Work required: An exact copy is needed of the lines from the one that contains "Ana's Bookshelf Picks" through the final line of the data below, with pictures left out.

Data items
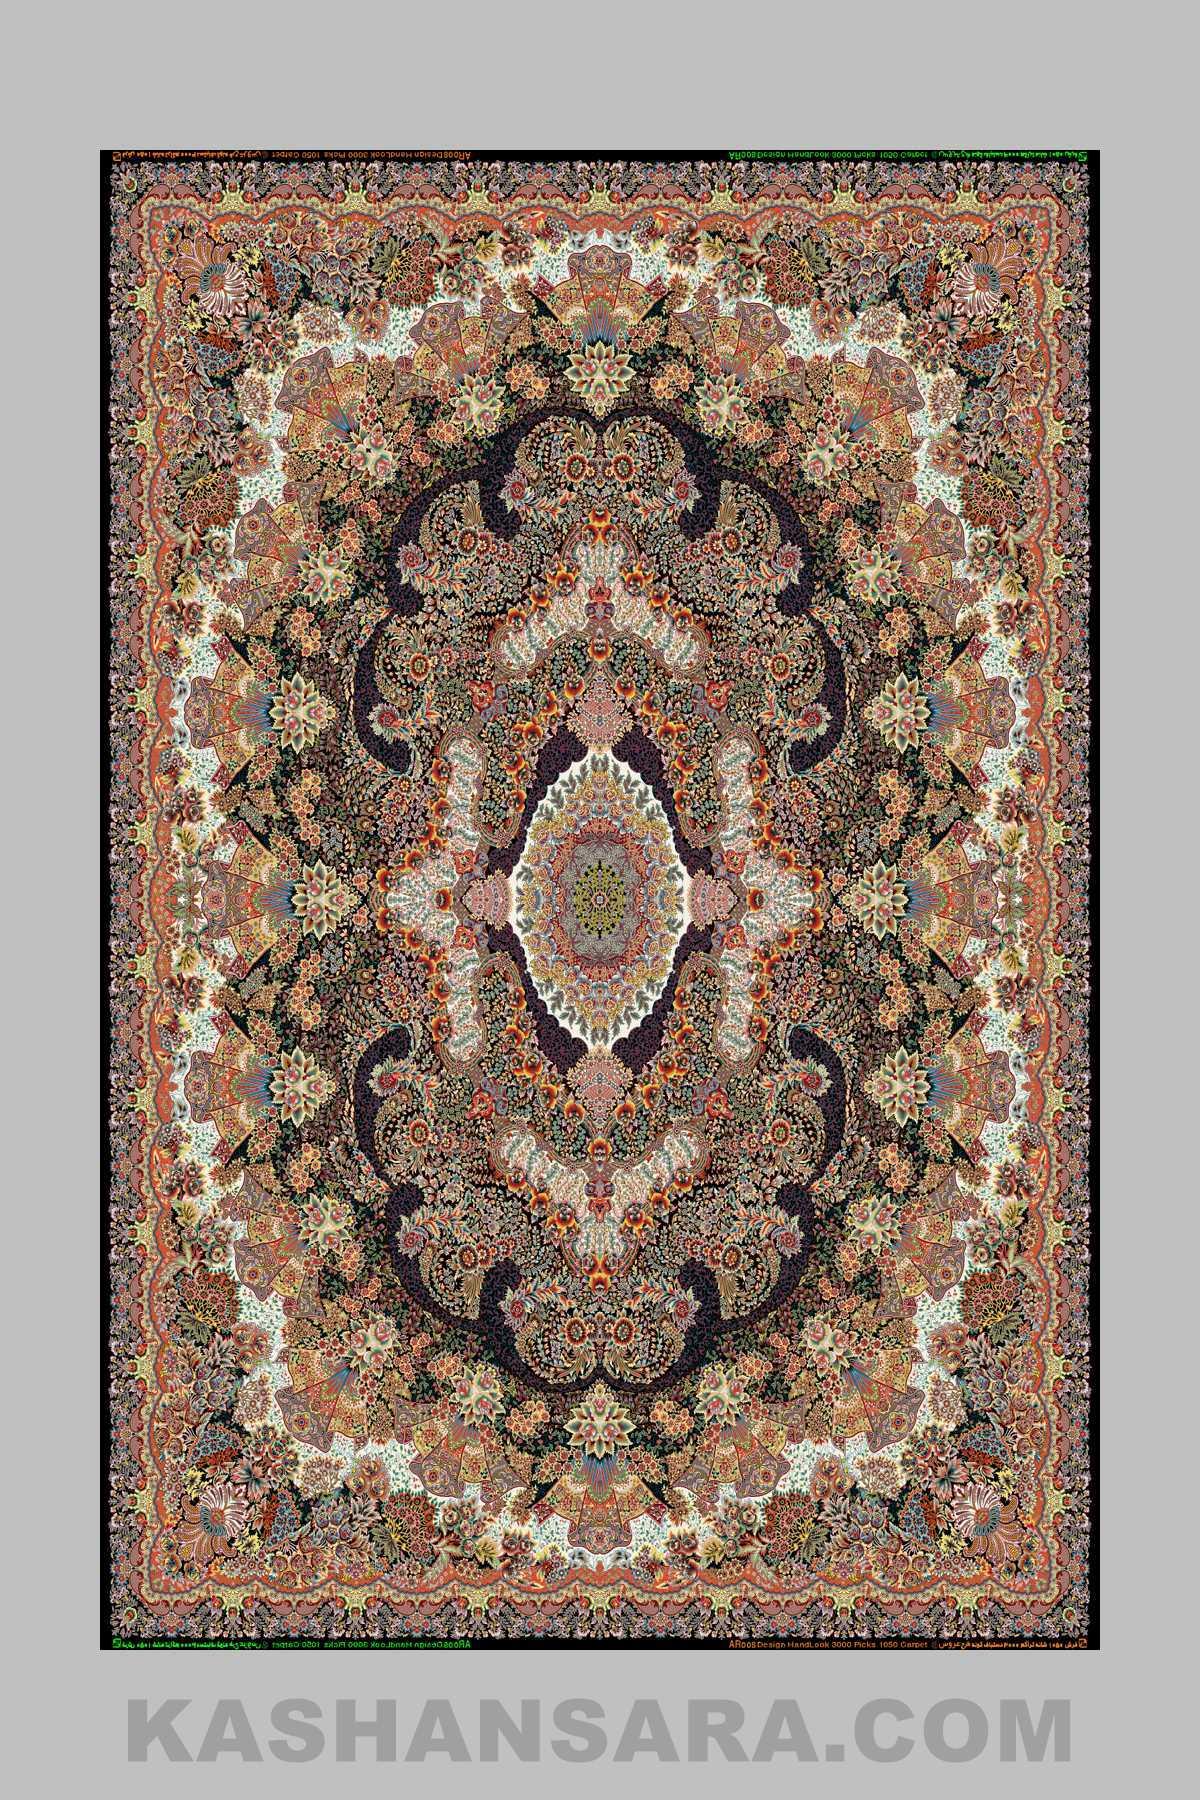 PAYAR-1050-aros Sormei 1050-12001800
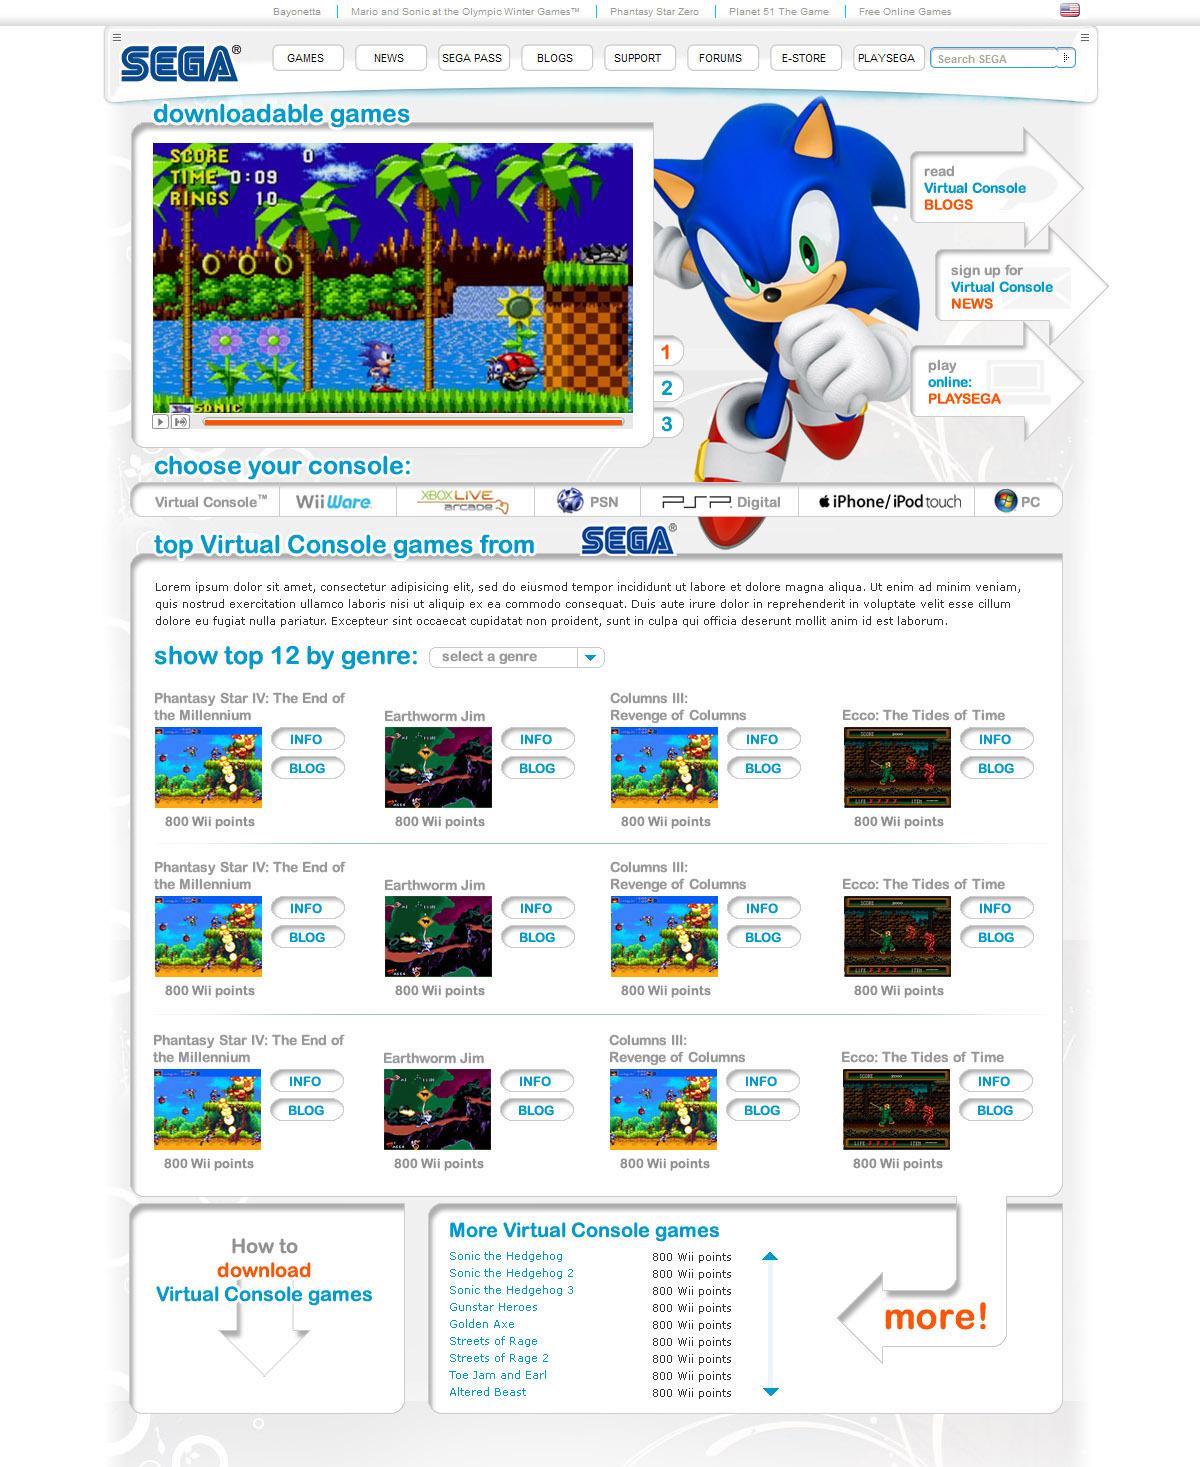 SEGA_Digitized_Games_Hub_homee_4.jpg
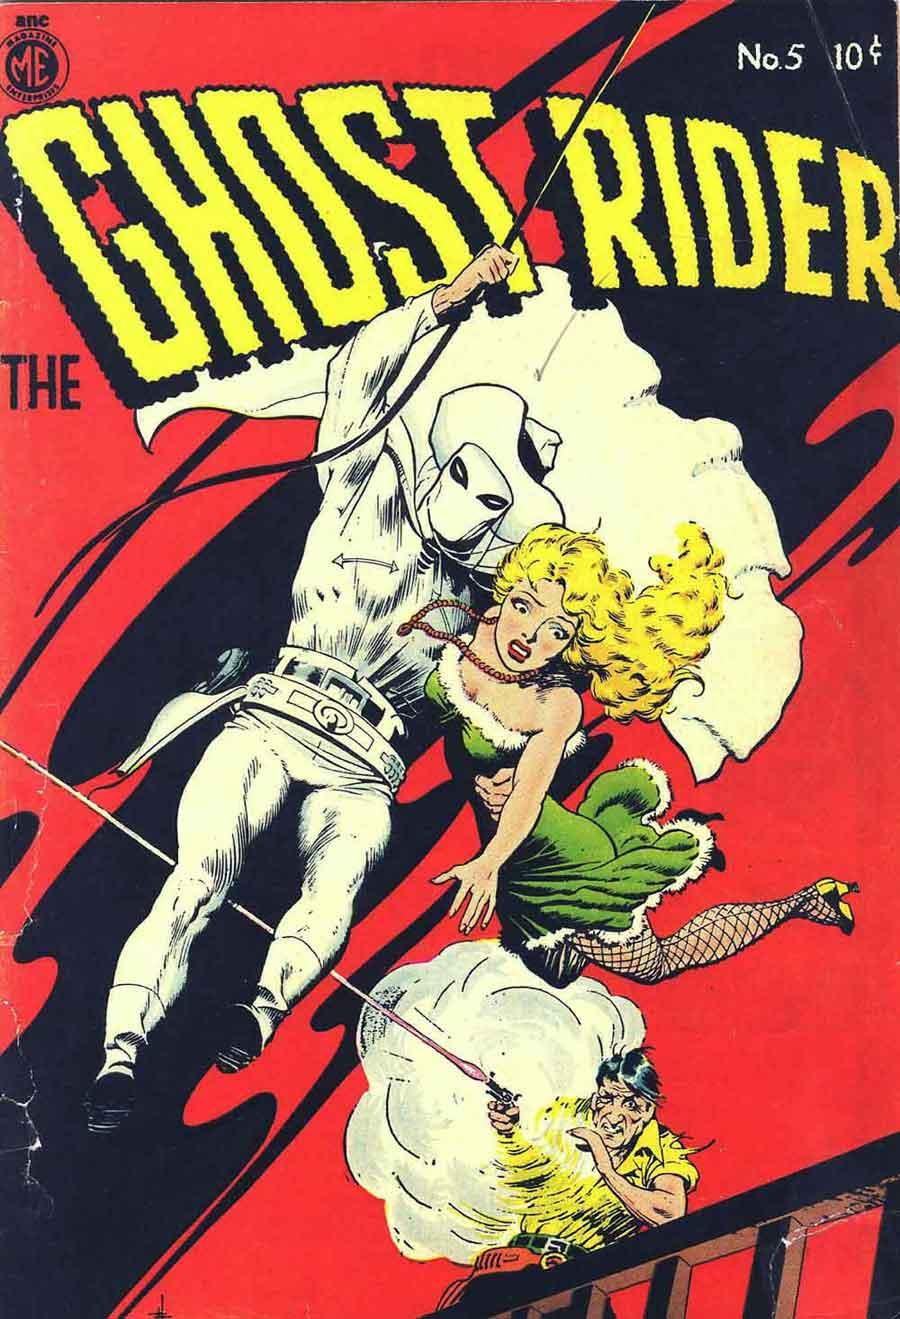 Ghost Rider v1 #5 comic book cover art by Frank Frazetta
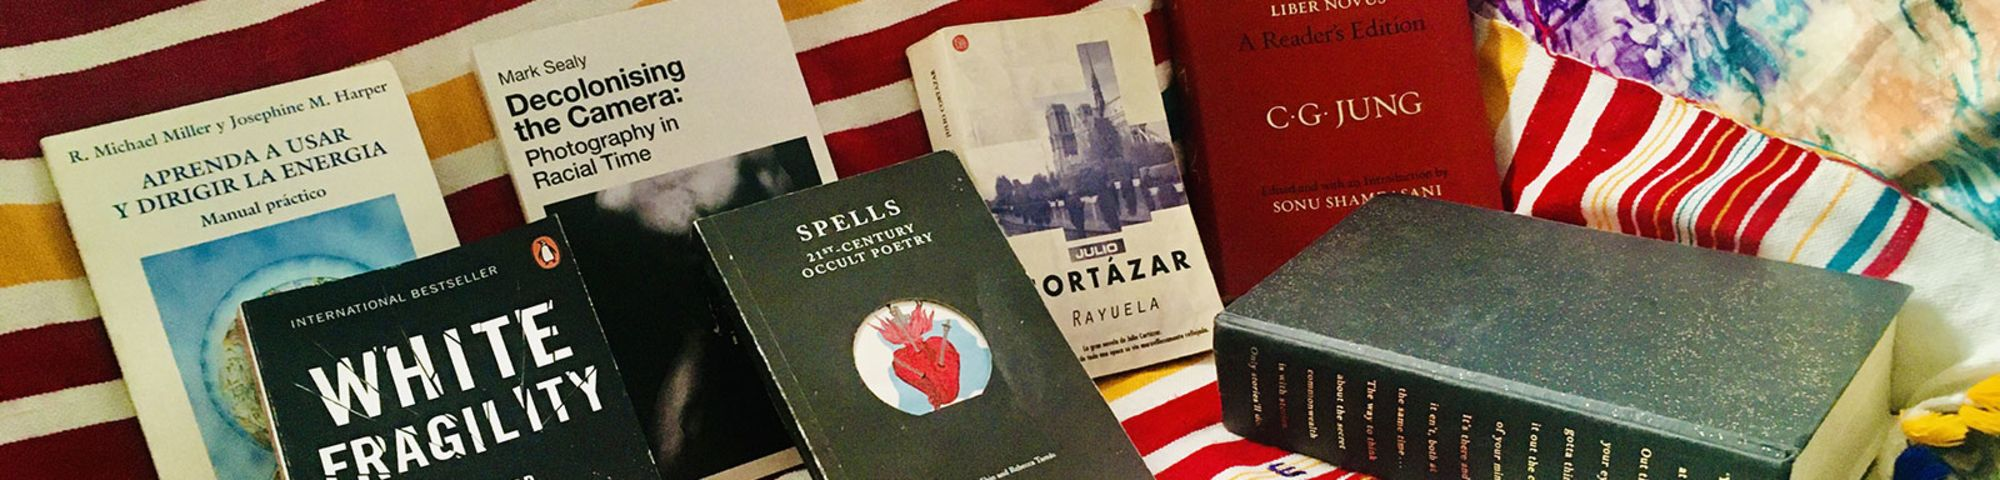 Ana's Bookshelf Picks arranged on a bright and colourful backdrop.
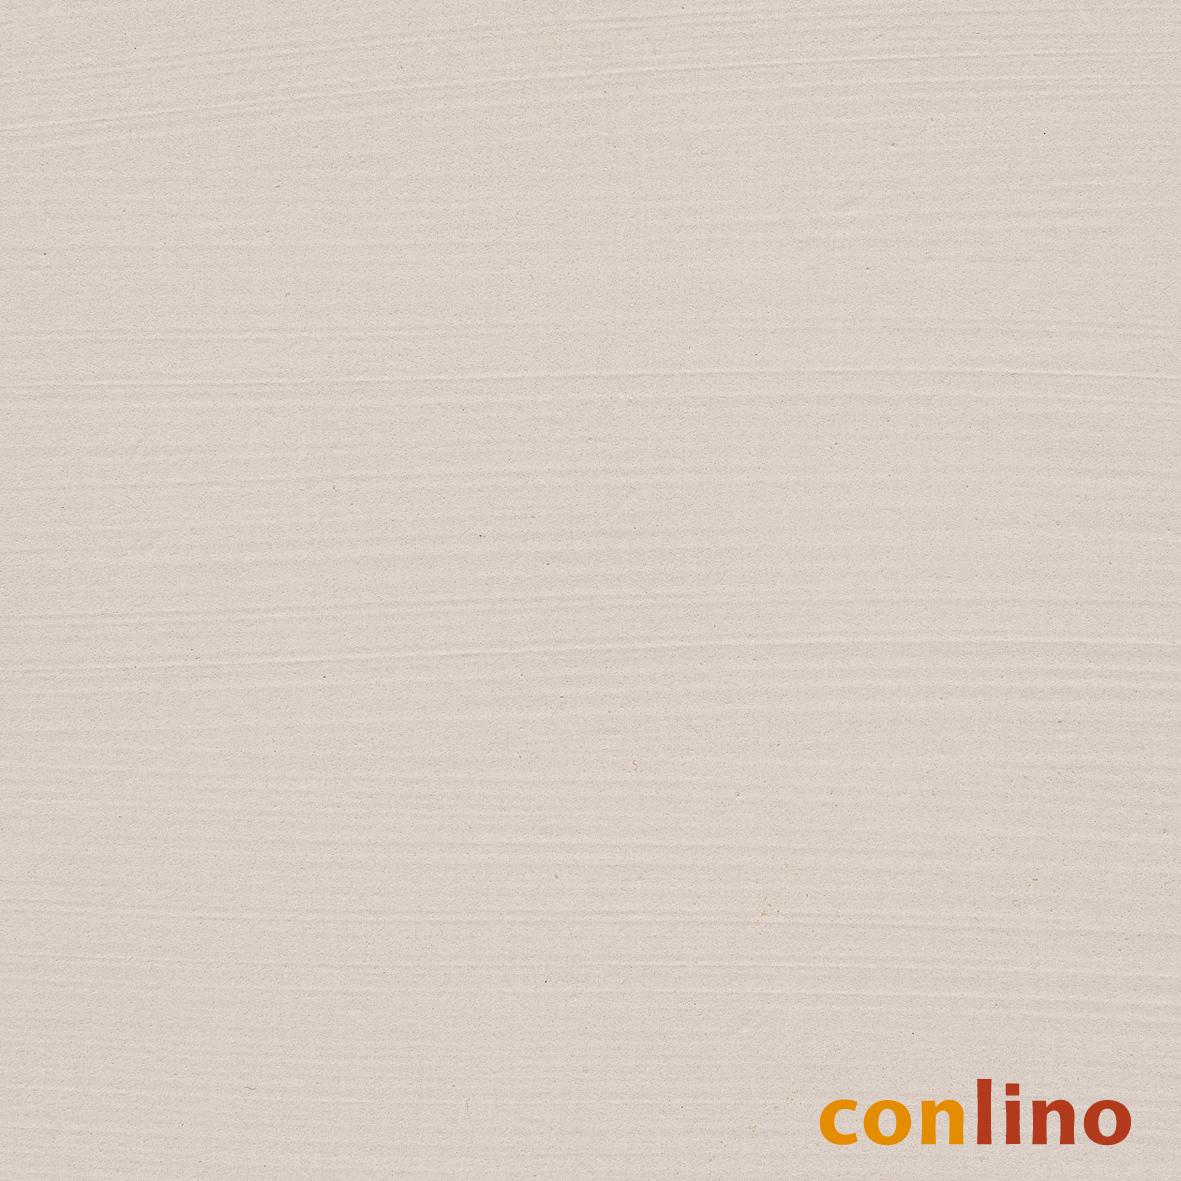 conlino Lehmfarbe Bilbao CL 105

Answer for this exercise:
 Ana's Bookshelf Picks arranged on a bright and colourful backdrop.
 conlino Lehmfarbe Bilbao CL 105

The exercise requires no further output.